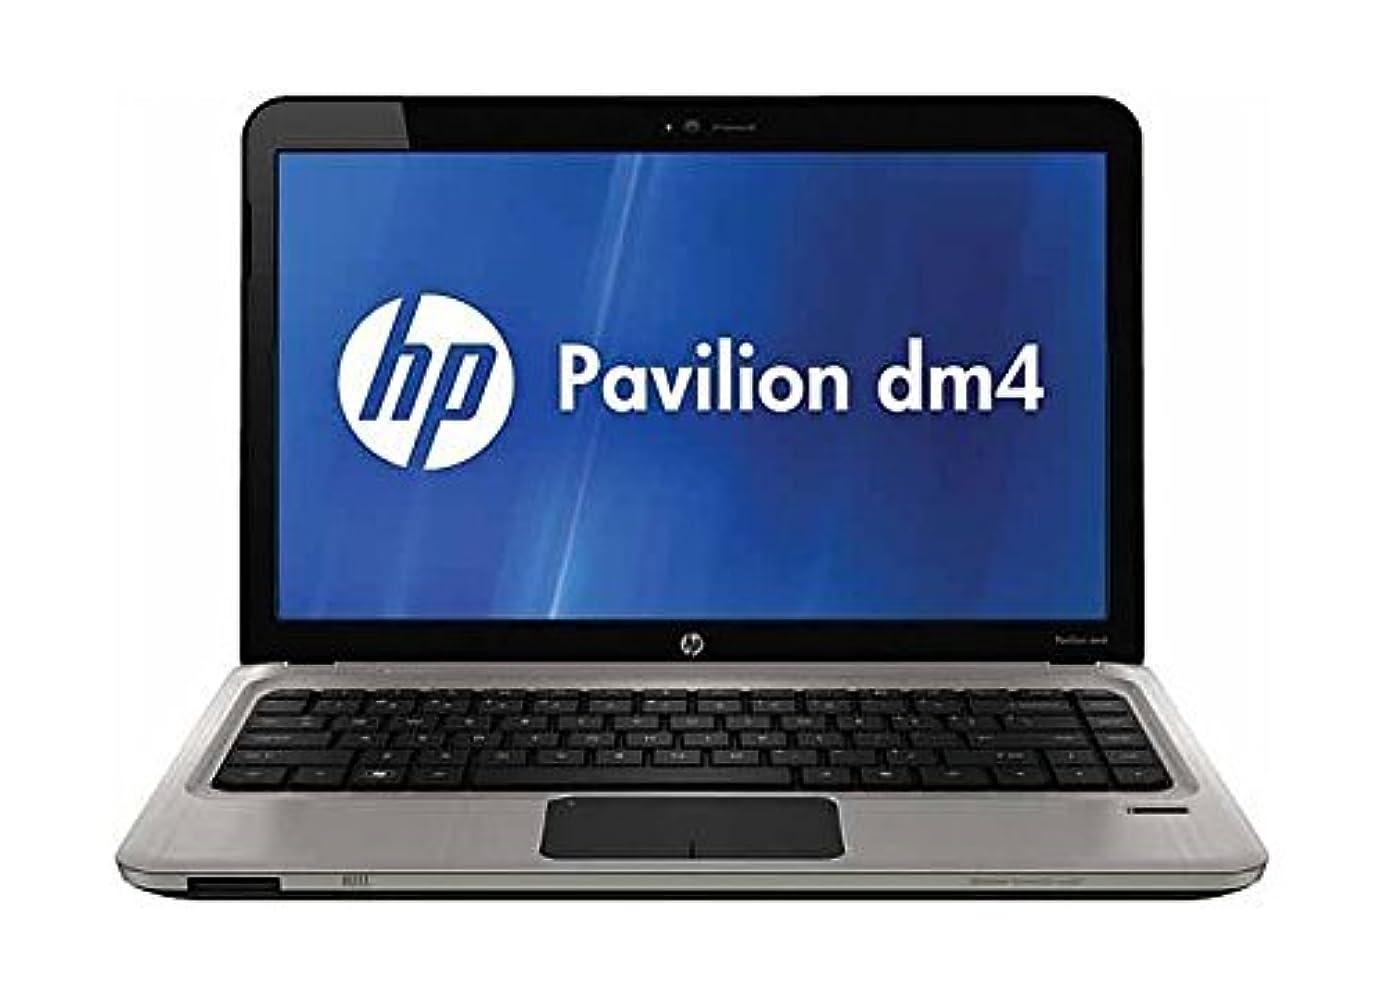 HP dm4-2195us (14.0-inch Screen) Laptop xuq2530980
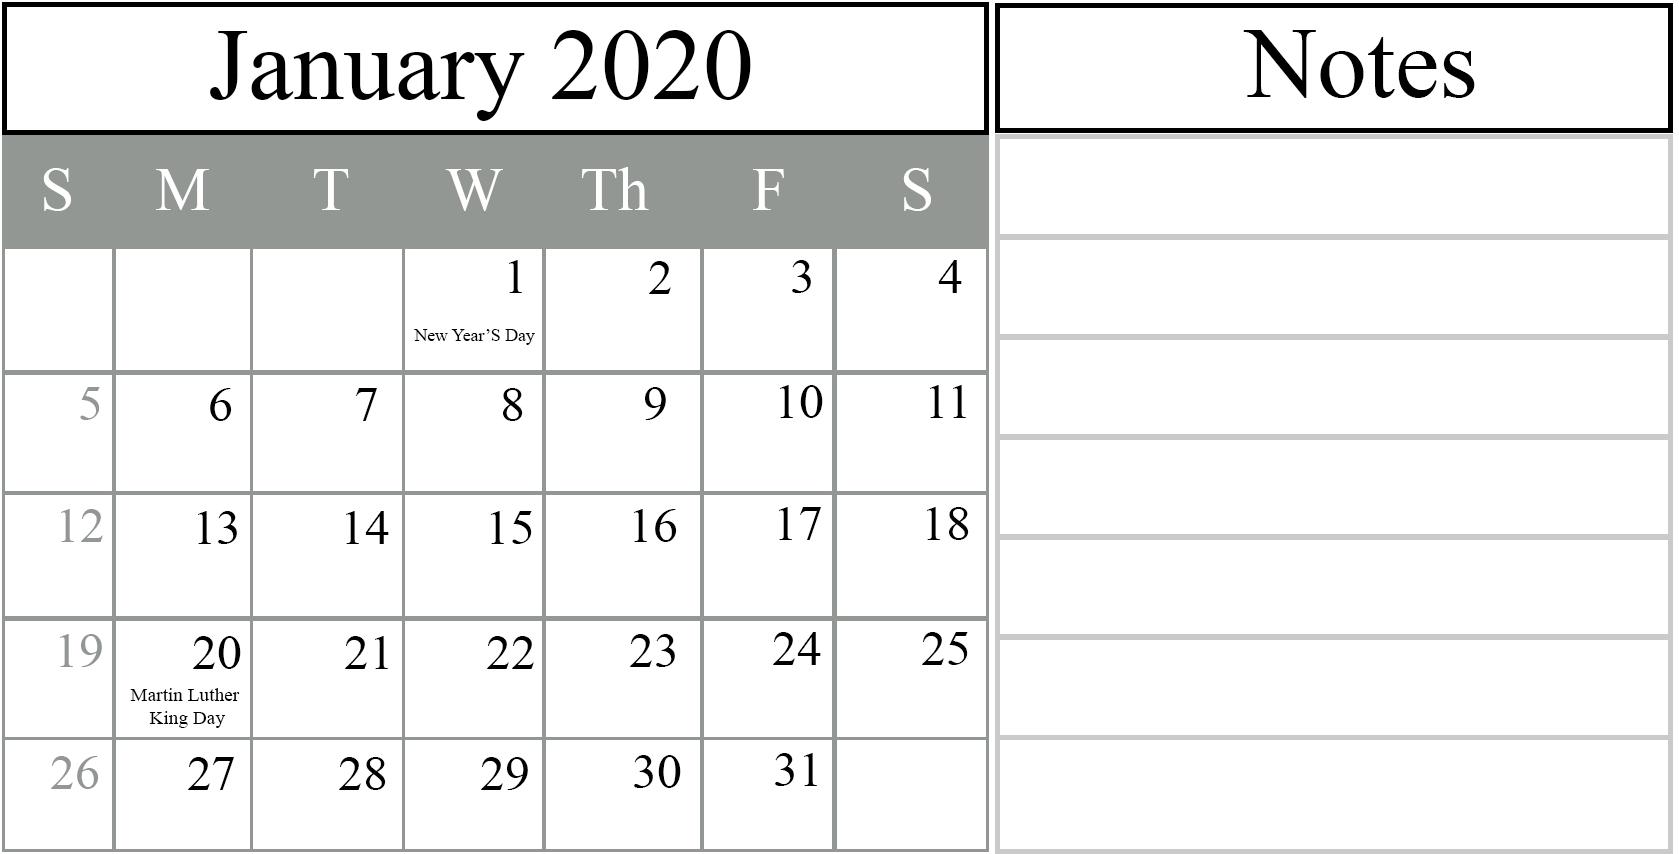 Nanakshahi Calendar 2020 January | Calendar Template Printable intended for Khalsa Heera Jantri 2020 Pdf Download
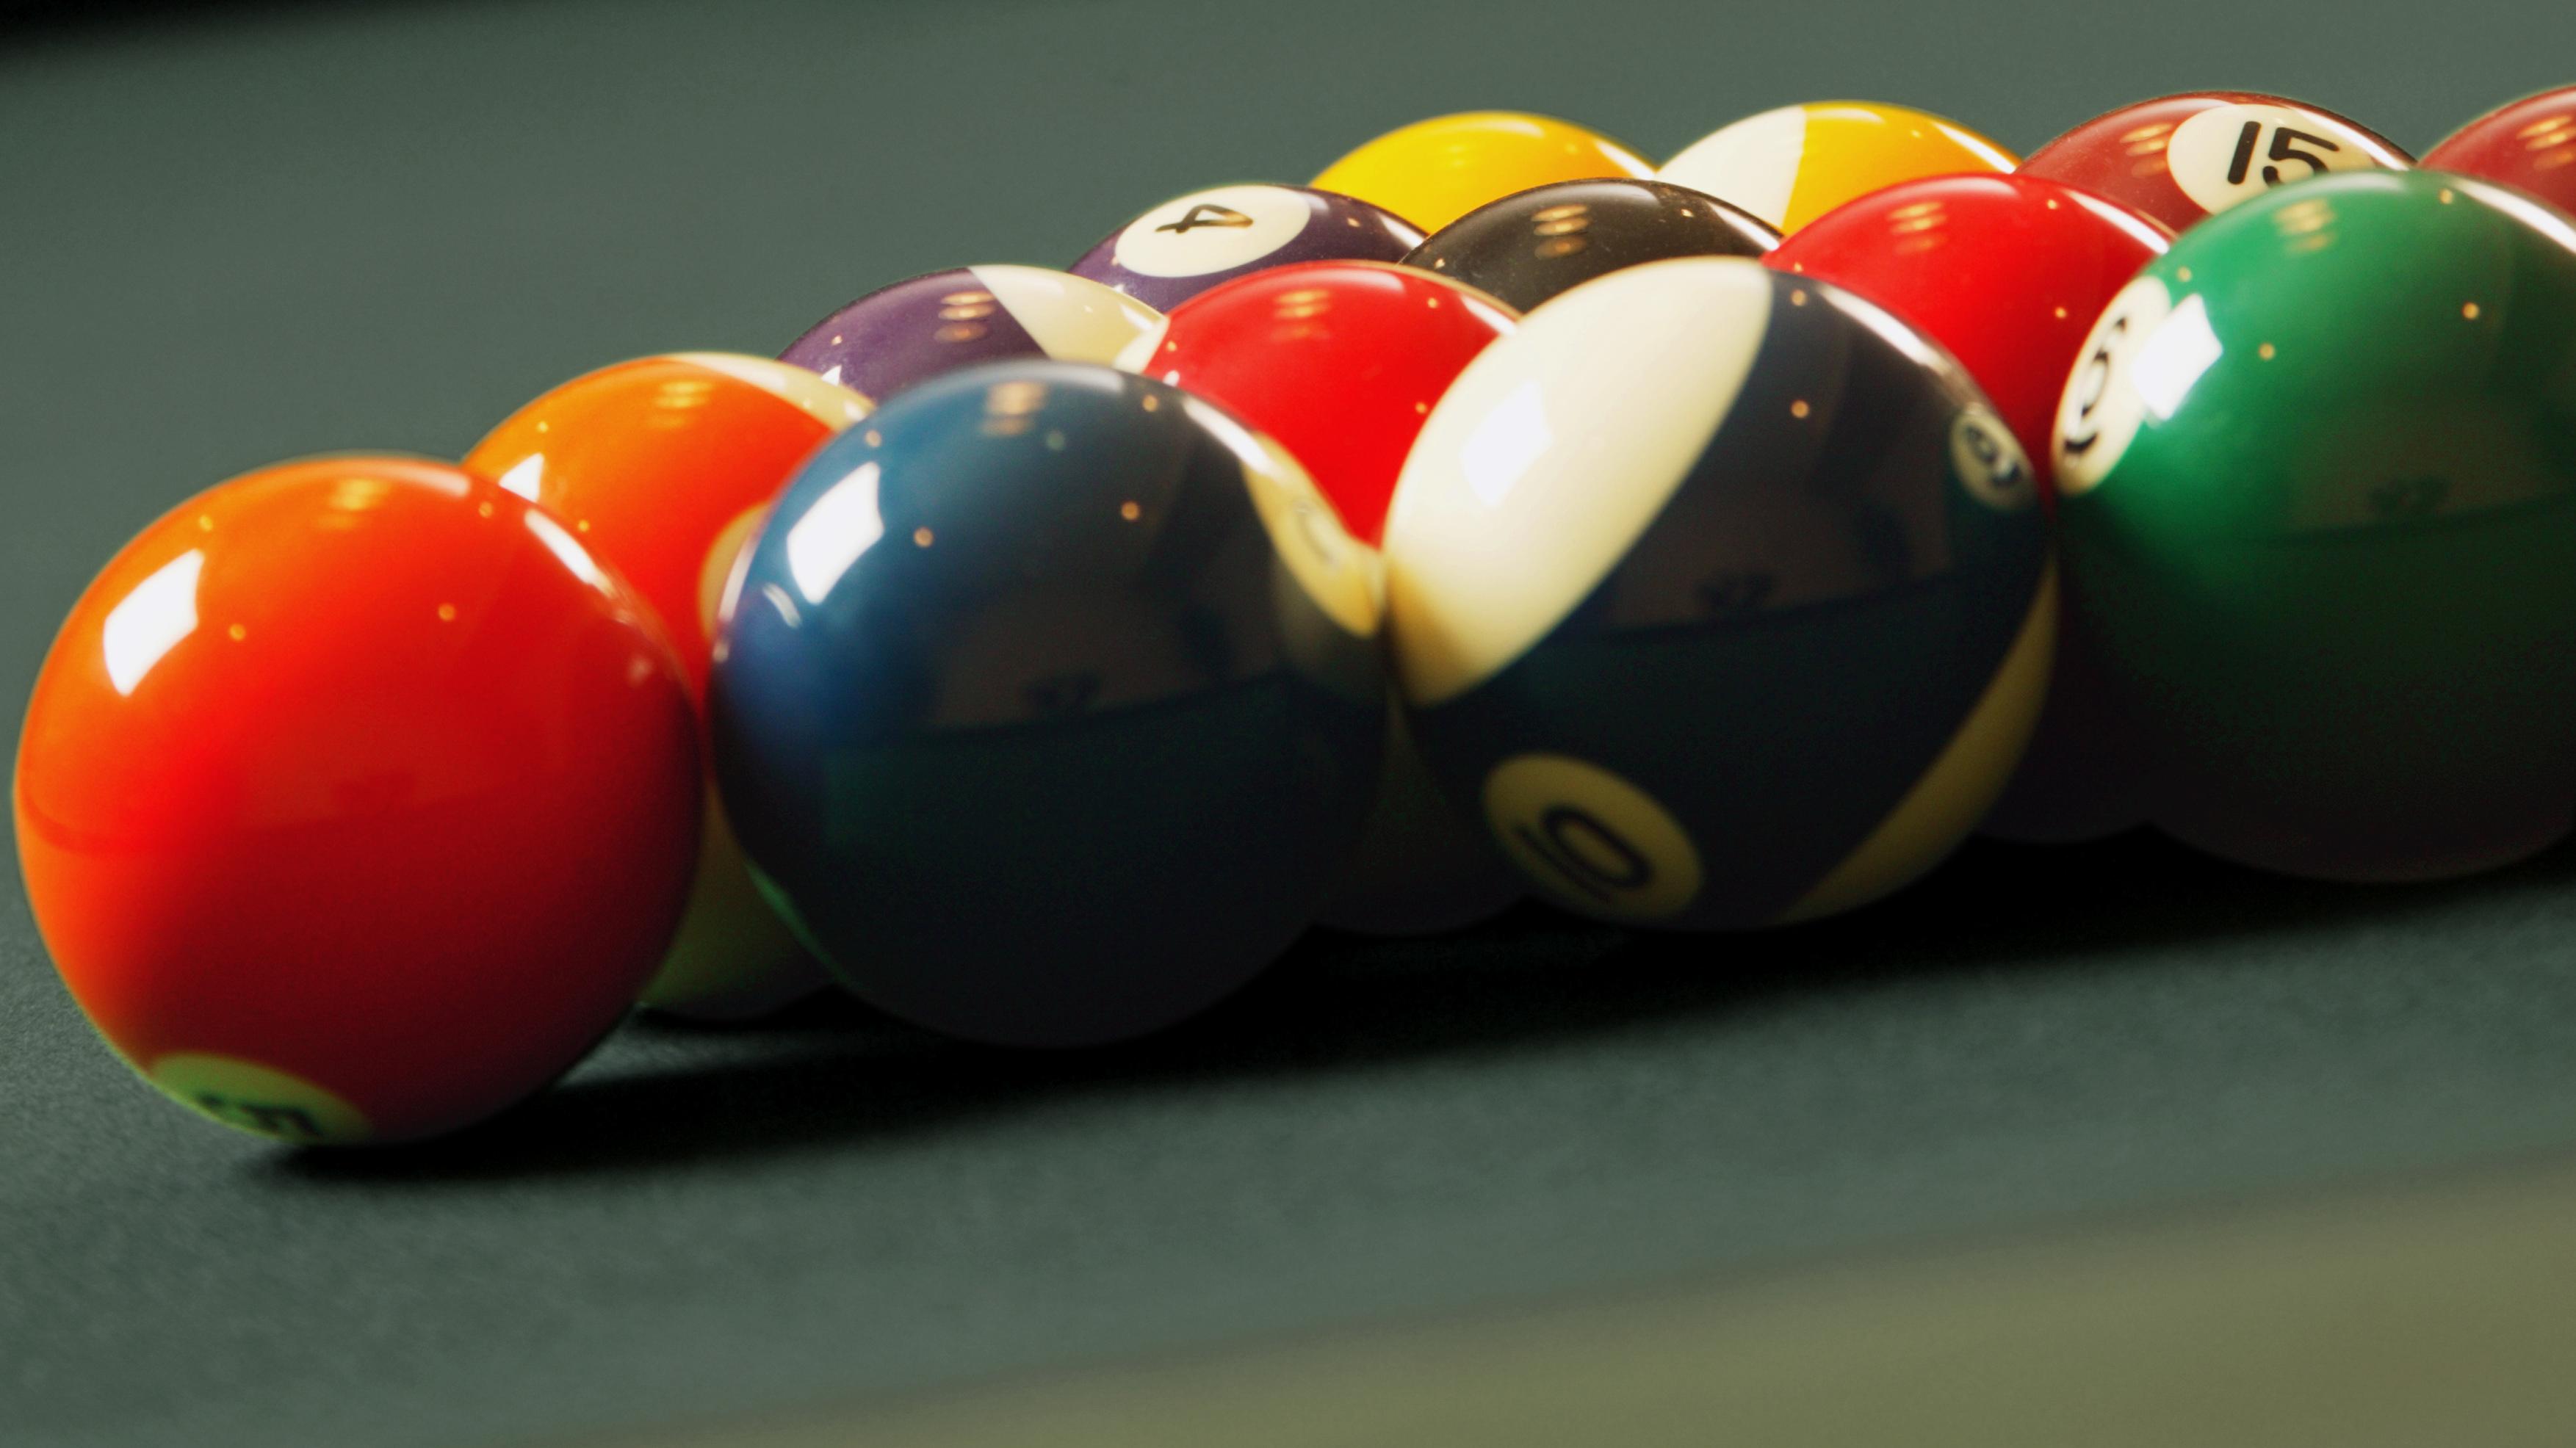 Billiards 8-Ball League
= = =
Your assignment – From the line containing "Nanakshahi Calendar 2020" through the final line of the listing above, reproduce every line exactly, with no pictures.

Result for this task –
 Nanakshahi Calendar 2020 January | Calendar Template Printable intended for Khalsa Heera Jantri 2020 Pdf Download
 Billiards 8-Ball League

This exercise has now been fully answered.